The reason that the dimension of the operator is protected from quantum corrections is due to the structure of the superconformal algebra. The superconformal algebra contains, in addition to the supercharges $Q_\alpha$, the conformal supercharges $S_\alpha$ that come from the commutator $[Q,K]\approx S$. The commutation relations of the algebra show that S lowers dimensions by $1/2$, while $K_\mu$ still lowers dimensions by 1. The multiplets of the superconformal algebra are larger than those of the conformal algebra. The highest weight states are superconformal primaries that are annihilated by both $S$ and $K$. Starting with such an operator $\Phi$ satisfying

$[S,\Phi(0)]=[K,\Phi(0)]=0$

you may generate the rest of the representation by acting on $\Phi$ with both $Q$ and $P^\mu$. The point is that for special operators, called chiral primaries (also called BPS operators), $[Q,\Phi(0)]=0$ and you get a short multiplet. You can use this fact along with the commutation relations of the superconformal algebra (specifically $\{ Q,S \} \approx R + D$ where R is the R charge and I am assuming a scalar operator for simplicity) to show that the dimension of a chiral primary is determined solely by it's R-charge. Note that in a superconformal theory R-charge is well defined since it cannot be anomalous without breaking superconformal invariance.

The point is that these chiral primaries cannot pick up anomalous dimensions. Basically, we have the dimension of the operator in the free theory where the coupling is 0. Regardless of the coupling, the chiral primary is still annihilated by the supercharge, it remains a chiral primary in the interacting theory. If this were not the case, continuously varying the coupling would lead to a discontinuity in the number of operators of a given dimension (this must be an integer, it cannot vary continuously with the coupling). So the operator in the interacting theory is still a chiral primary, its dimension is related to its R-charge.

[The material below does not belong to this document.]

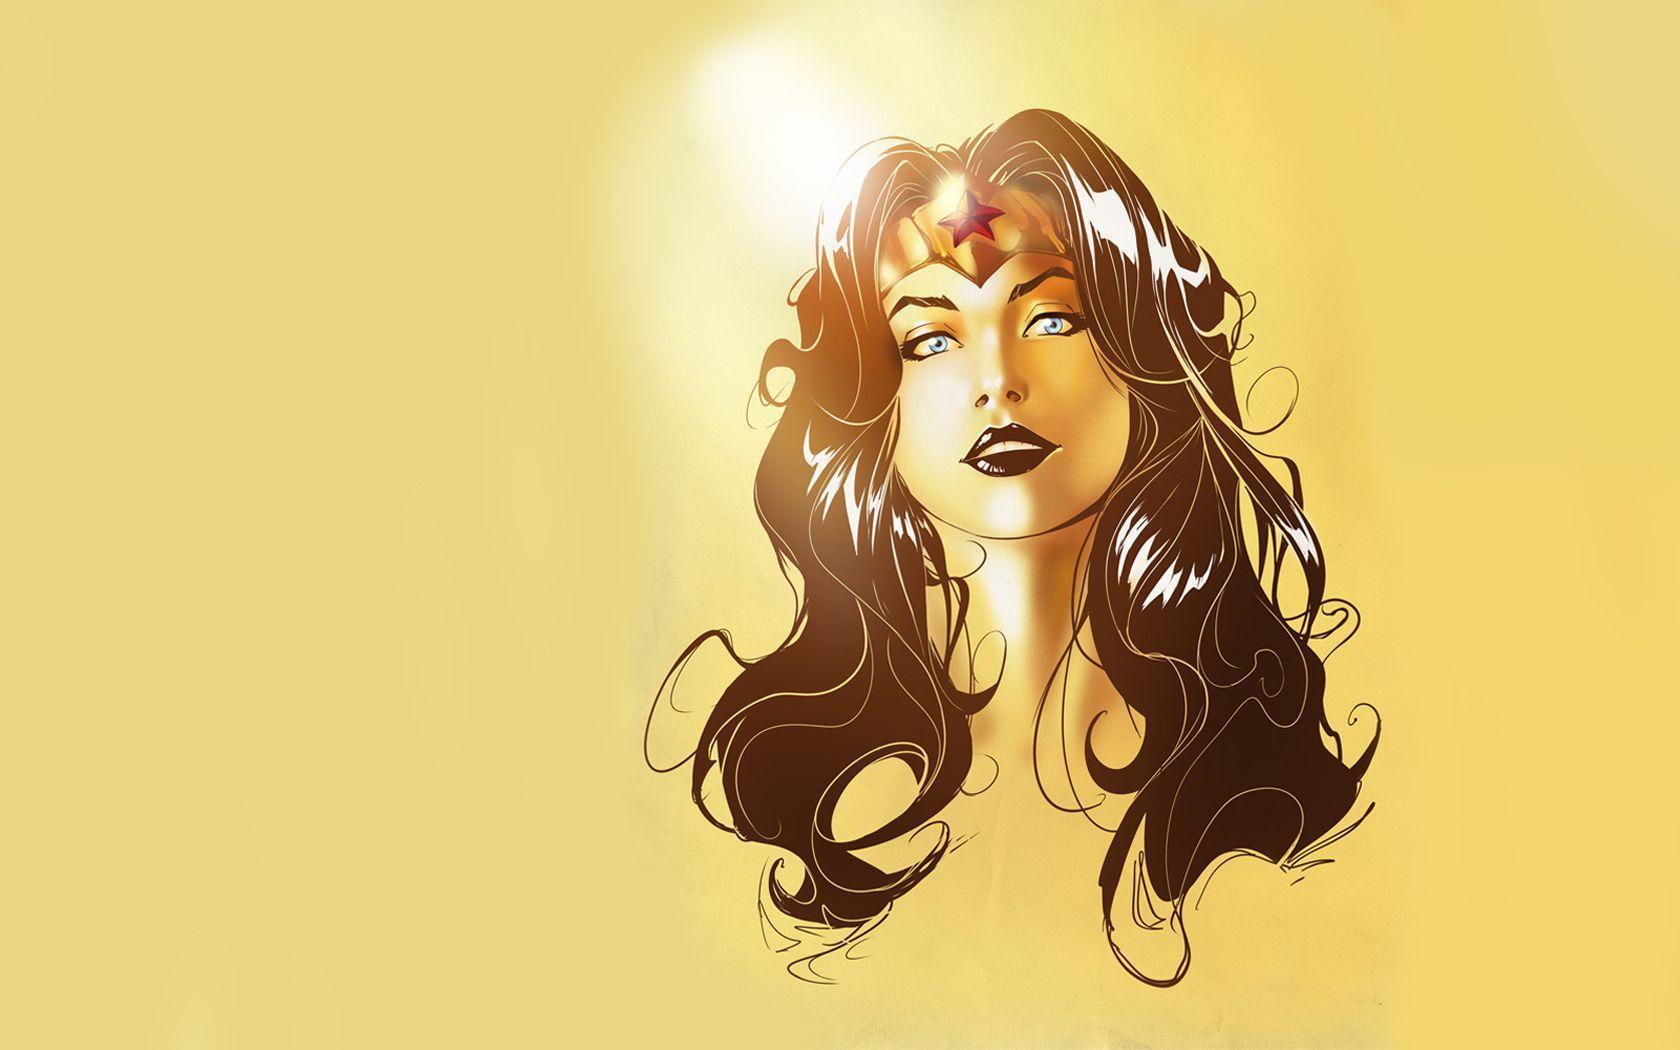 Wonder Woman Computer Wallpapers, Desktop Backgrounds | 1680x1050 ...

In the case I asked about, the chiral superfield is a chiral primary. Products of chiral superfields are still chiral, so the composite operator is still BPS, and its dimension is related to its R-charge. But the R-charge of the operator is the sum of the R-charges of the individual operators, so we can simply add dimensions and not worry about any anomalous dimension.

The answer is a little more complicated than I had expected, but I am almost certain that this is the correct explanation.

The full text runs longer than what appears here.